И все же возвращаться в Синее Морцо, к отцу, с которым они не понимали друг друга, Андрею не хотелось. Он попросился в другую волость, но с ним опять не согласились.
– В Синее Морцо, – сказали ему, – твое возвращение не вызовет никаких подозрений, да и людей ты знаешь там хорошо. А это много.
Вот тогда-то и написал Андрей домой о скором своем возвращении.
С Петром Андрей впервые встретился в мае прошлого года. В летнем театре «Аркадия» в день очередной годовщины коронации Николая II местное начальство вкупе с богачами организовали спектакль. Царю в это лето, как никогда, было трудно.
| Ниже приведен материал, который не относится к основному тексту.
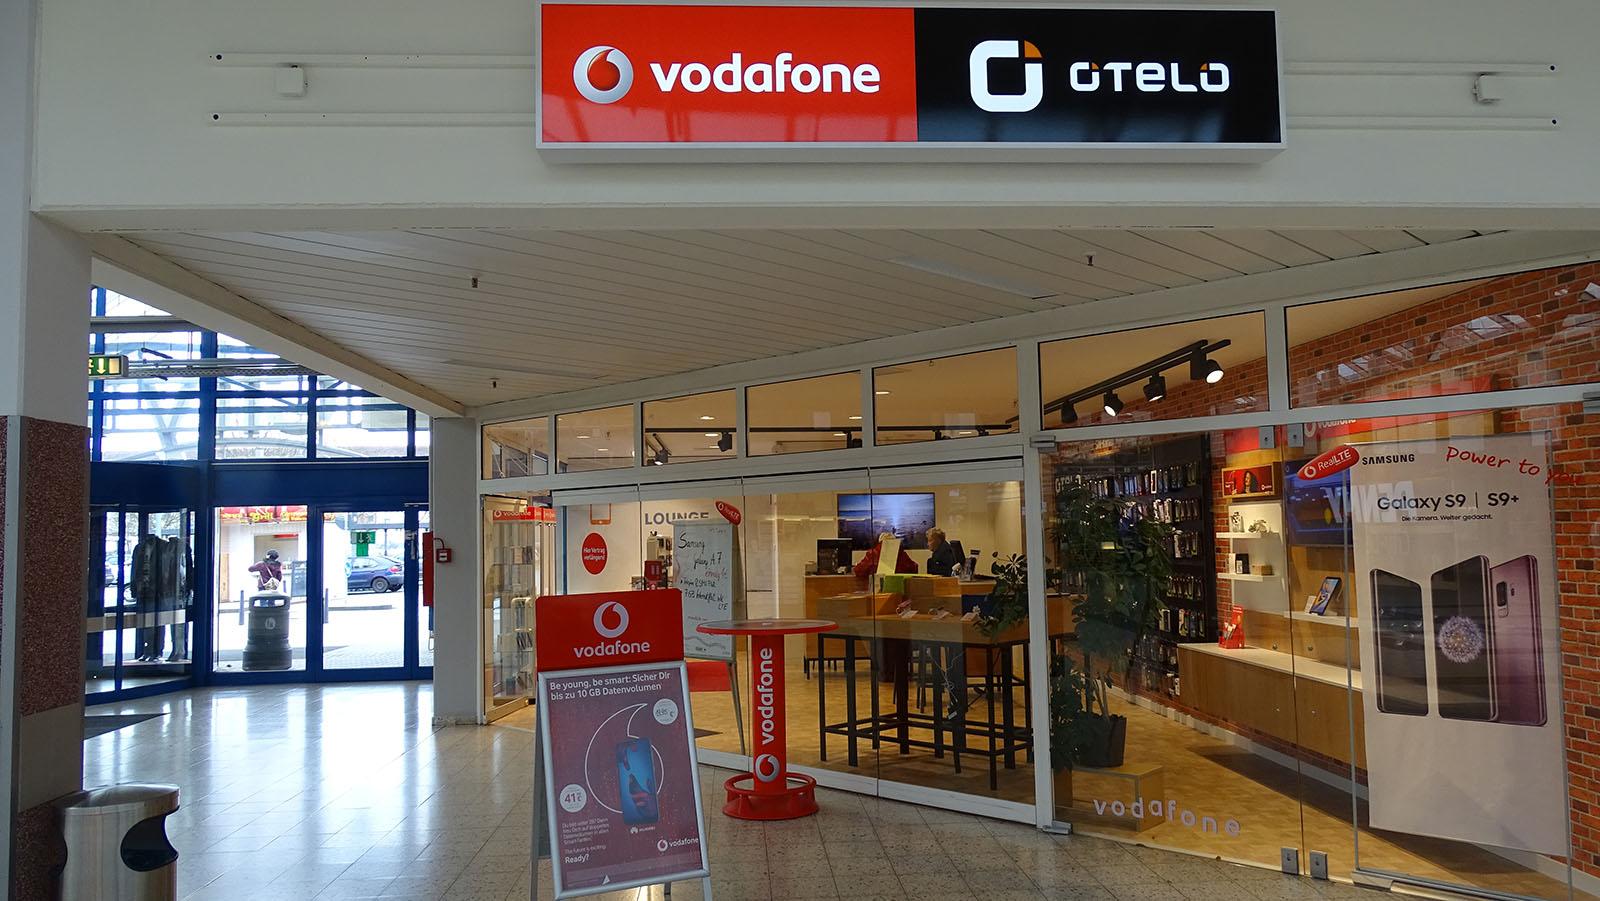 VodafoneOtelo

Россия вздыбилась, вышла из повиновения. Вот и задумали власти хотя бы этим спектаклем выказать верноподданнические чувства «простонародья».
Что тогда было! Едва заиграл оркестр и хор запел «Боже, царя храни», с верхних ярусов засвистели, закричали:
– Долой царя-убийцу!
И – дождь листовок.
Несколько человек полиция все же схватила. И Андрею бы несдобровать, да Петр, с которым его познакомили накануне в конспиративной квартире на Косе, знал в театре и саду все ходы и щели.
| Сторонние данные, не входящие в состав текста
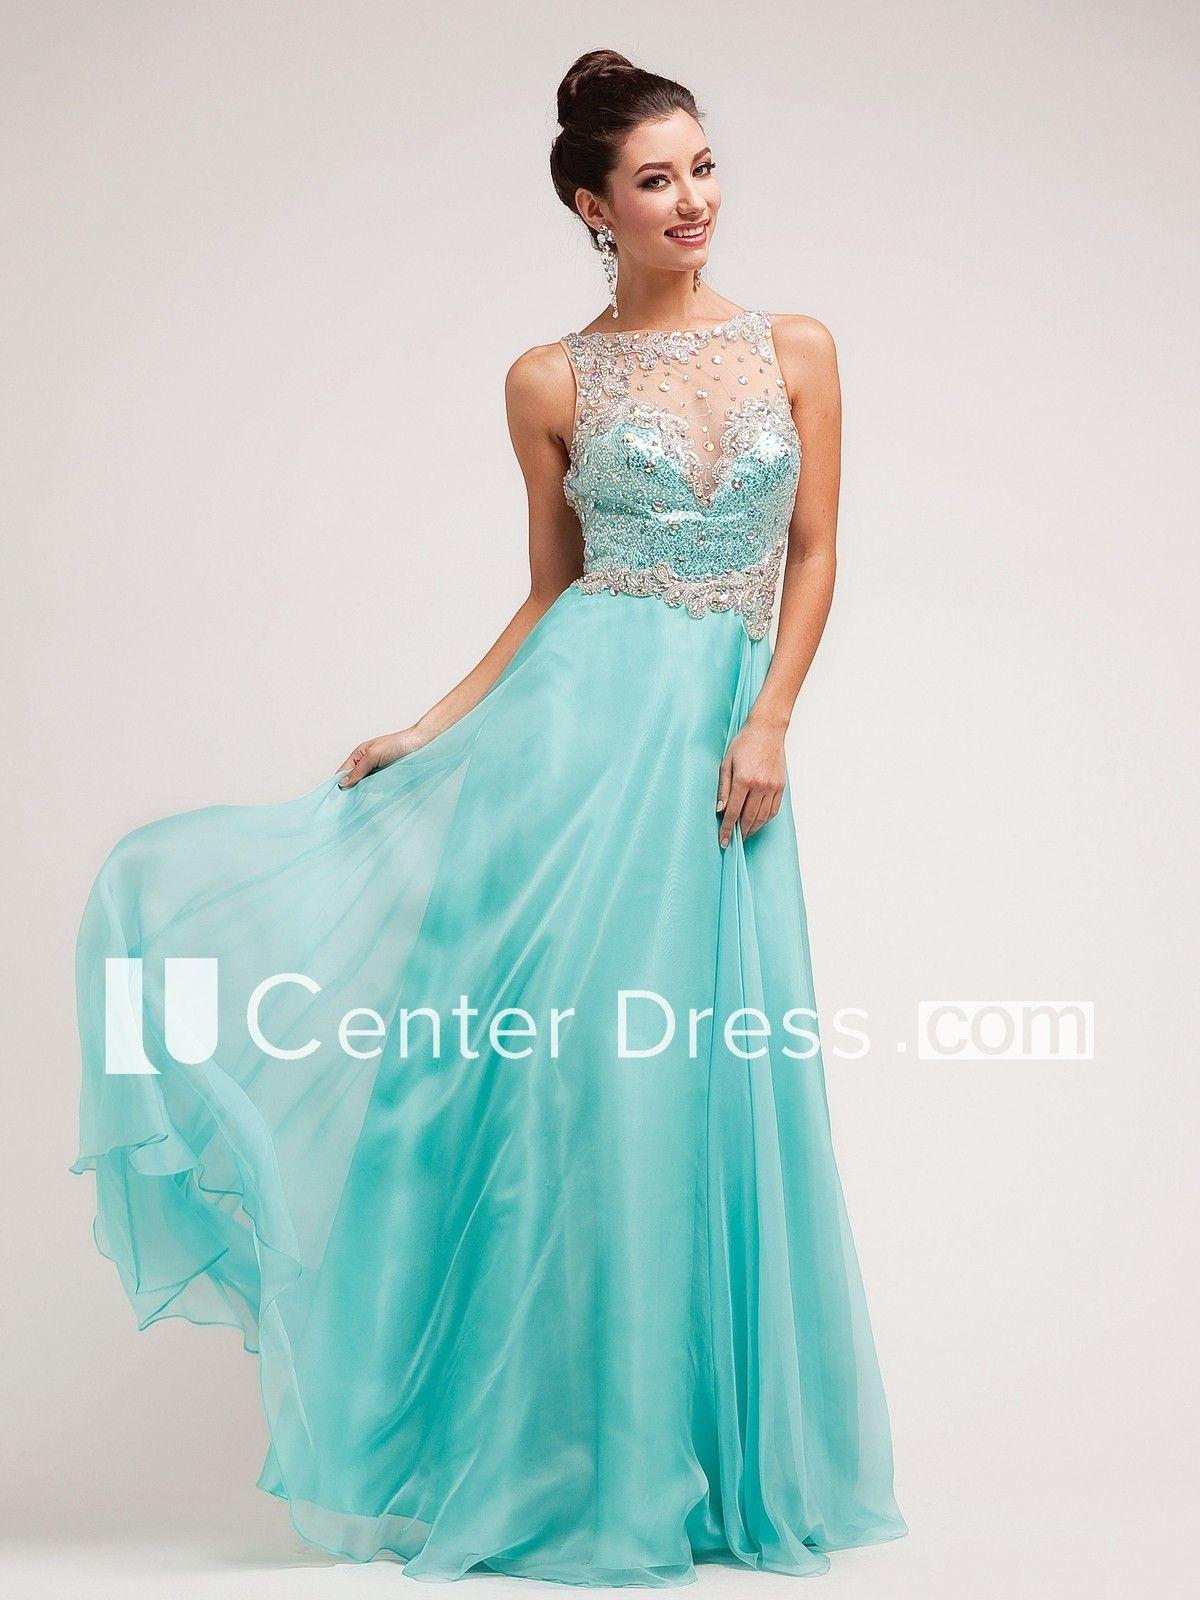 87b58750ed4 A-Line Bateau Sleeveless Satin Illusion Dress With Crystal Detailing ...

…Вышли на берег Болды. Слева, за Болдинским островом, голубел в снегах широкий волжский плес. Вдоль берега протоки разномастные, вмерзшие в лед суда: морские приемки, сухогрузные барки, живорыбные садки, утлые рыбачьи плоскодонки.
Спустились на лед.
– Ну, довольно, – Андрей остановился. – И так далеко проводил.
– Запомни: связь только через Машу. Она твоя зазнобушка, и письма твои к ней – самое обычное дело. Будь осторожен. Товарищи желают тебе удачи.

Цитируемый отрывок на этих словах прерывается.